SWK 3402.4-3.2 Analyzing Single Systems Design Data

In our last exercise you graphed the data for the student concerning his experience of drinking craving collected through his use of the “on demand” support delivered through a phone app relapse prevention phone app. In this exercise, we will engage in two types of statistical analysis related to these data: NAP (non-overlap of all pairs) analysis and two-standard deviation band analysis.

Step 1. Open the data file called “cravings two sd analysis start.xlsx” in Excel or the Word document file from our previous exercise called “cravings data.docx”.

Step 2. Copy the data from column A (the baseline A1 phase data), column B (the intervention data), and column C (the post-intervention phase data) into the long columns of the calculator located at www.singlecaseresearch.org/calculators/nap. Or, if you prefer, you can retype the data from this table into the calculator.

         A1            B           A2
55 30 1
49 31 2
50 26 4
46 18 6
42 14 5
44 11 3
38 10 5

Step 3. Fill in the three label boxes, A1, B, and A2 above the data columns. Then, click on the small squares before A1 and B and click on “contrast” to compute your first analysis.

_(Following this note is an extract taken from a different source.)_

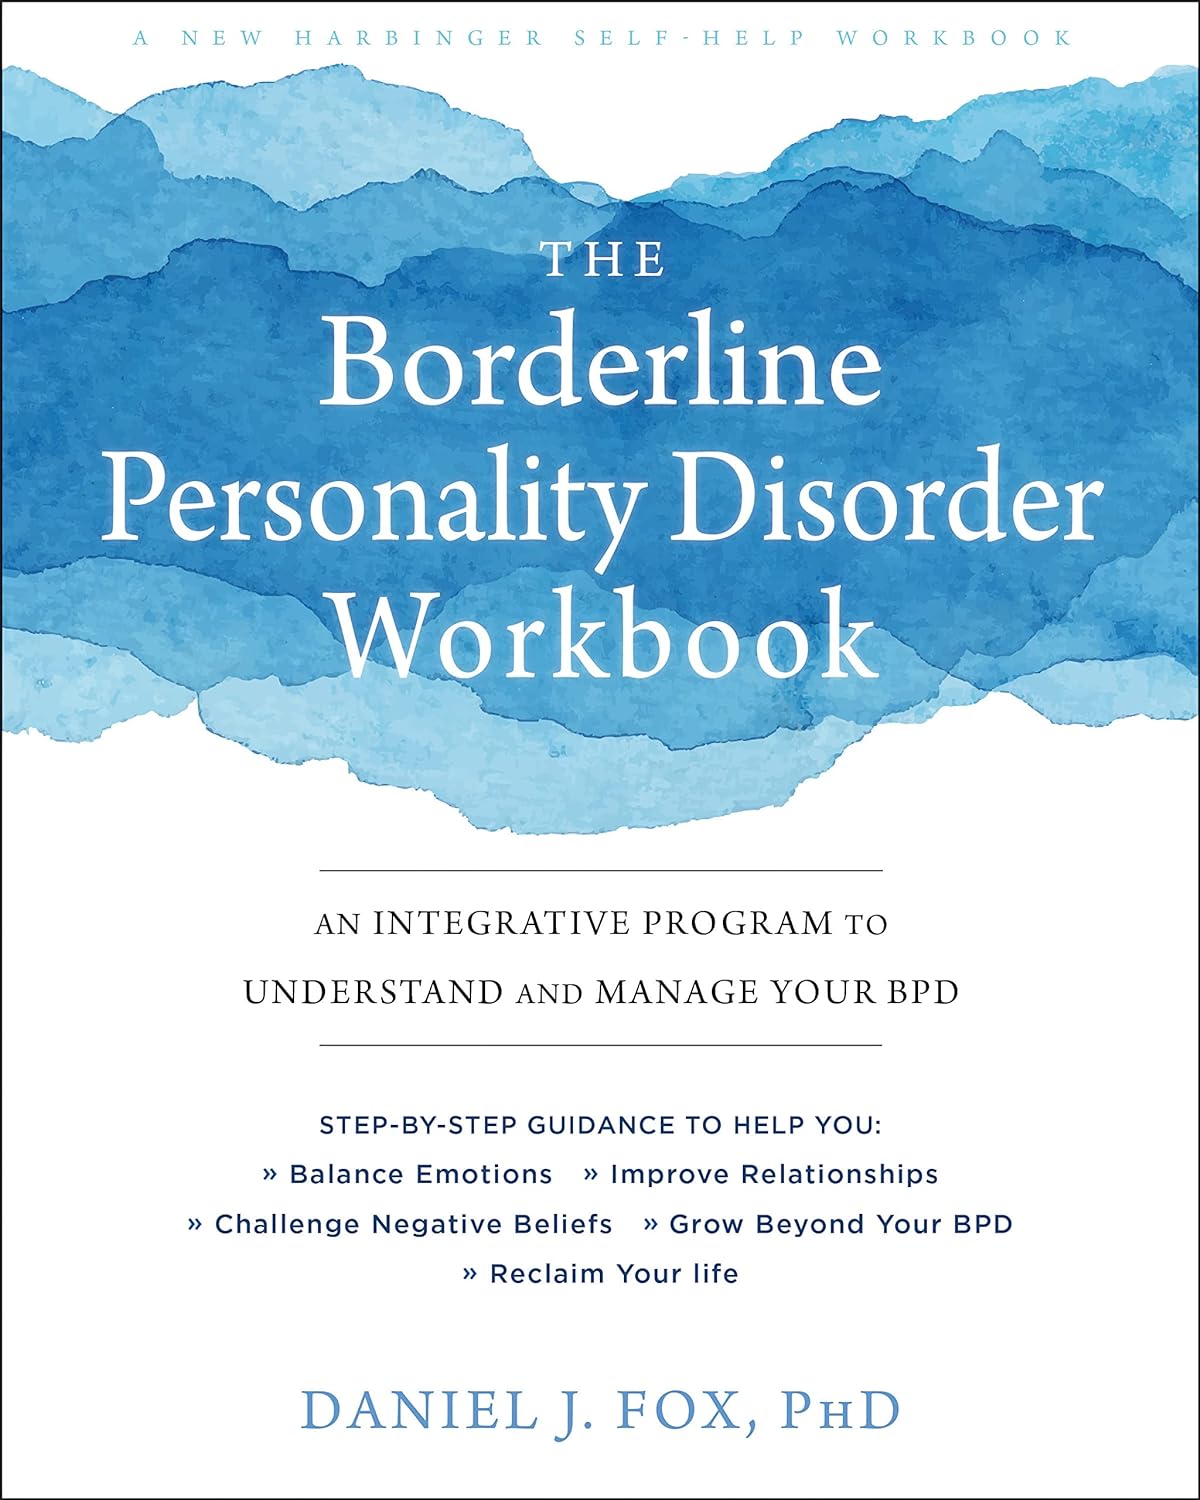 The Borderline Personality Disorder Workbook By Daniel J. Fox PhD

Step 4.  Next, select the B and A2 contrast to compute the second analysis. The output should look a lot like this:

Single Case Research Example

Step 5. How would you interpret the results of these analyses? If you concluded that there exists significant change in the desired direction from baseline to intervention (A1 to B) because p<.05 for the test statistic (Z=-3.61), and that there appears to exist significant change, your conclusions are reasonable. If you also concluded that there is no significant change from the intervention to the post-intervention phases (B to A2) because p>.05 for the test statistic (Z=-1.62) and that you cannot reject the null hypothesis of no difference, you are also drawing a reasonable conclusion.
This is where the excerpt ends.